** Your objective **
Nothing should appear in the answer except the lines from the one with "David Burdeny- Cava" through the end of the listing below, transcribed exactly and without pictures.
===== Data segment =====
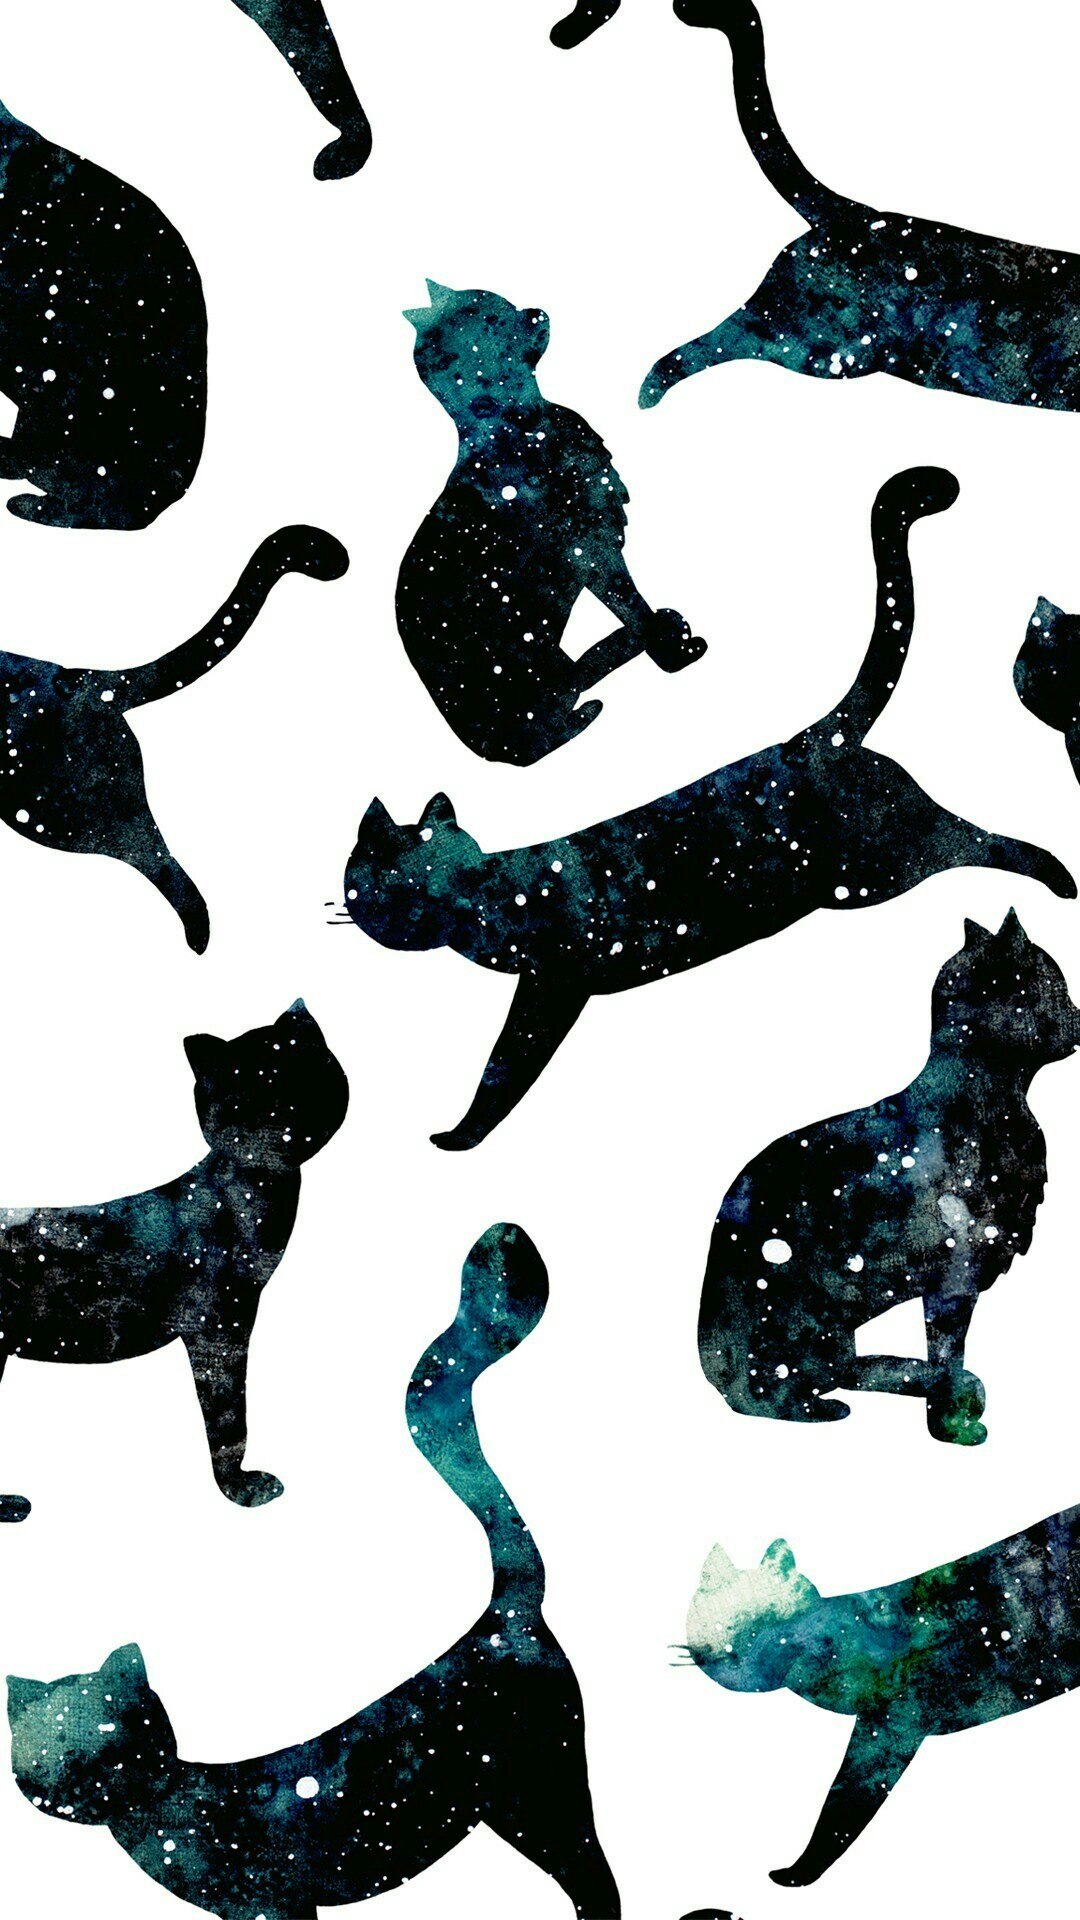 Wallpaper, Cat, Galaxy   Data-src - Cat Wallpaper Phone - HD Wallpaper
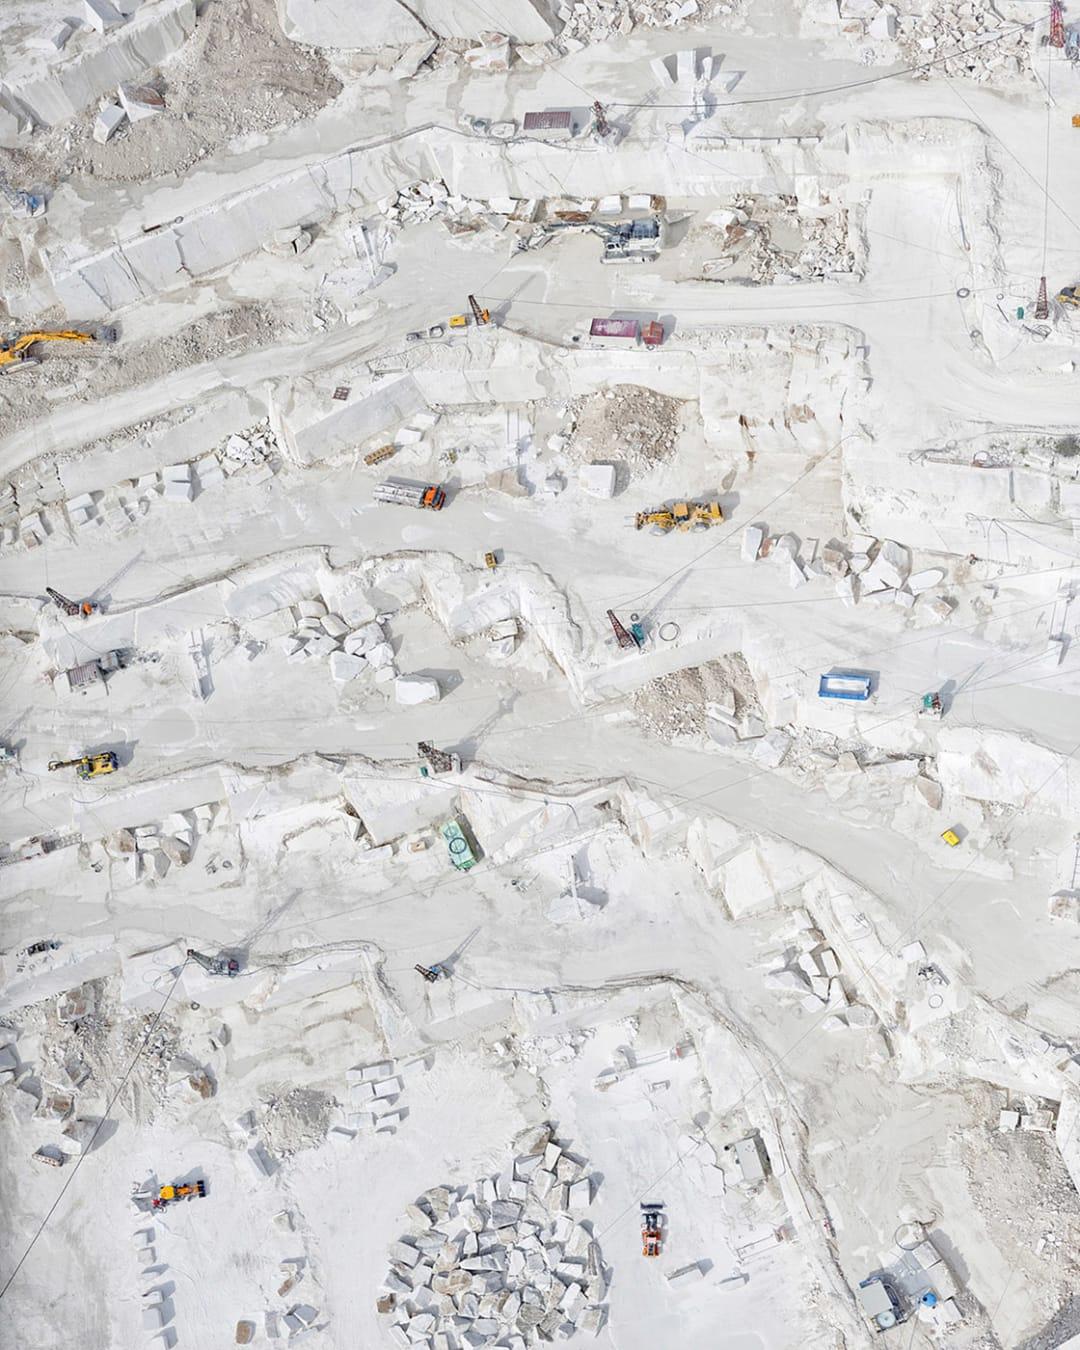 David Burdeny- Cava Bianco VII, Carrara, IT, 2018
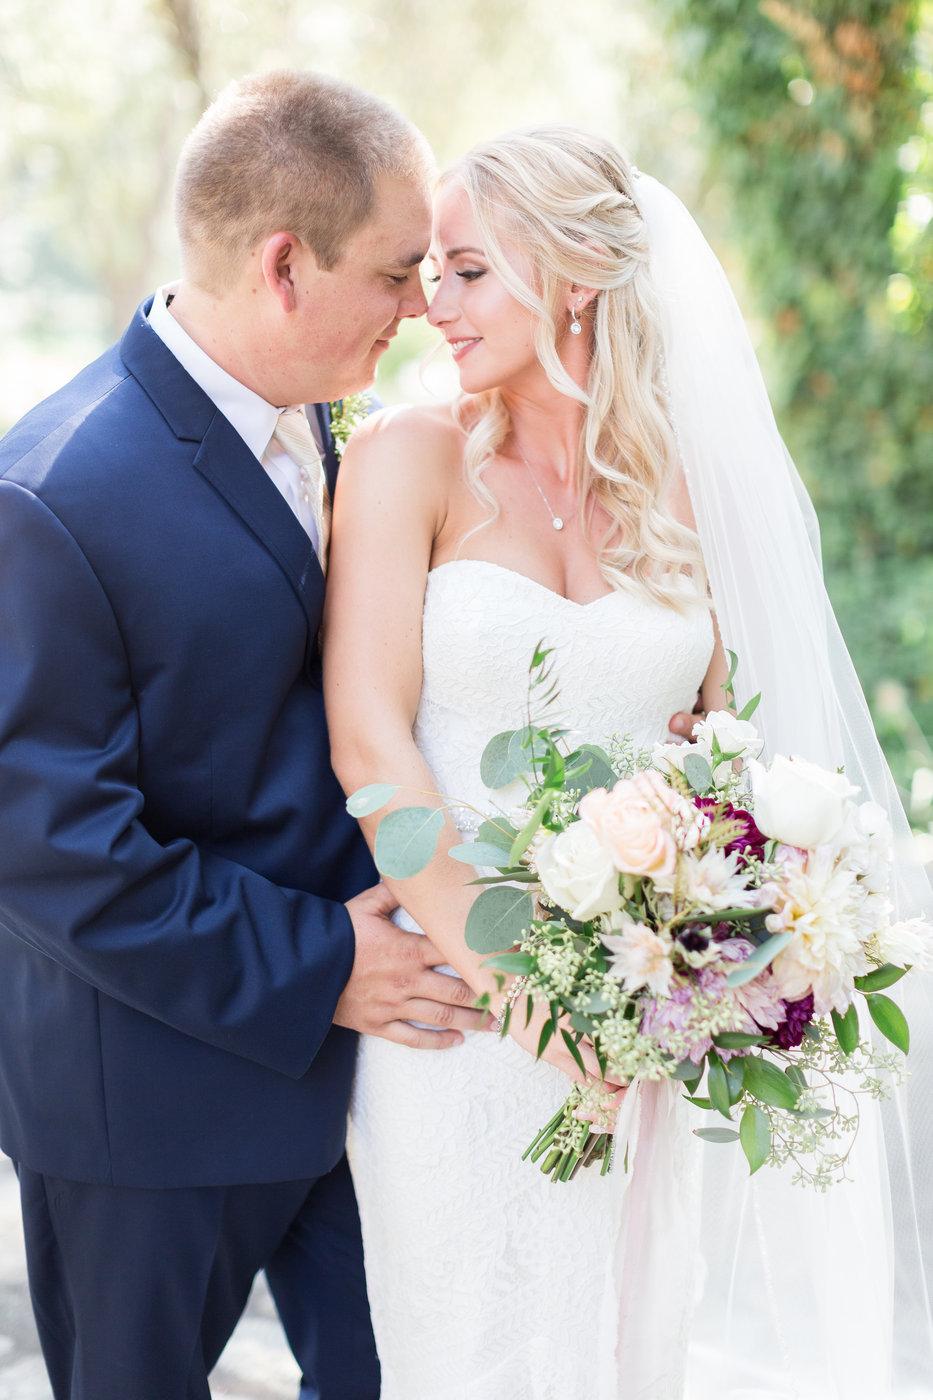 wedding-photos-from-centerville-estates-wedding-photographer.jpg
=====
** Solved problem **
 David Burdeny- Cava Bianco VII, Carrara, IT, 2018
 wedding-photos-from-centerville-estates-wedding-photographer.jpg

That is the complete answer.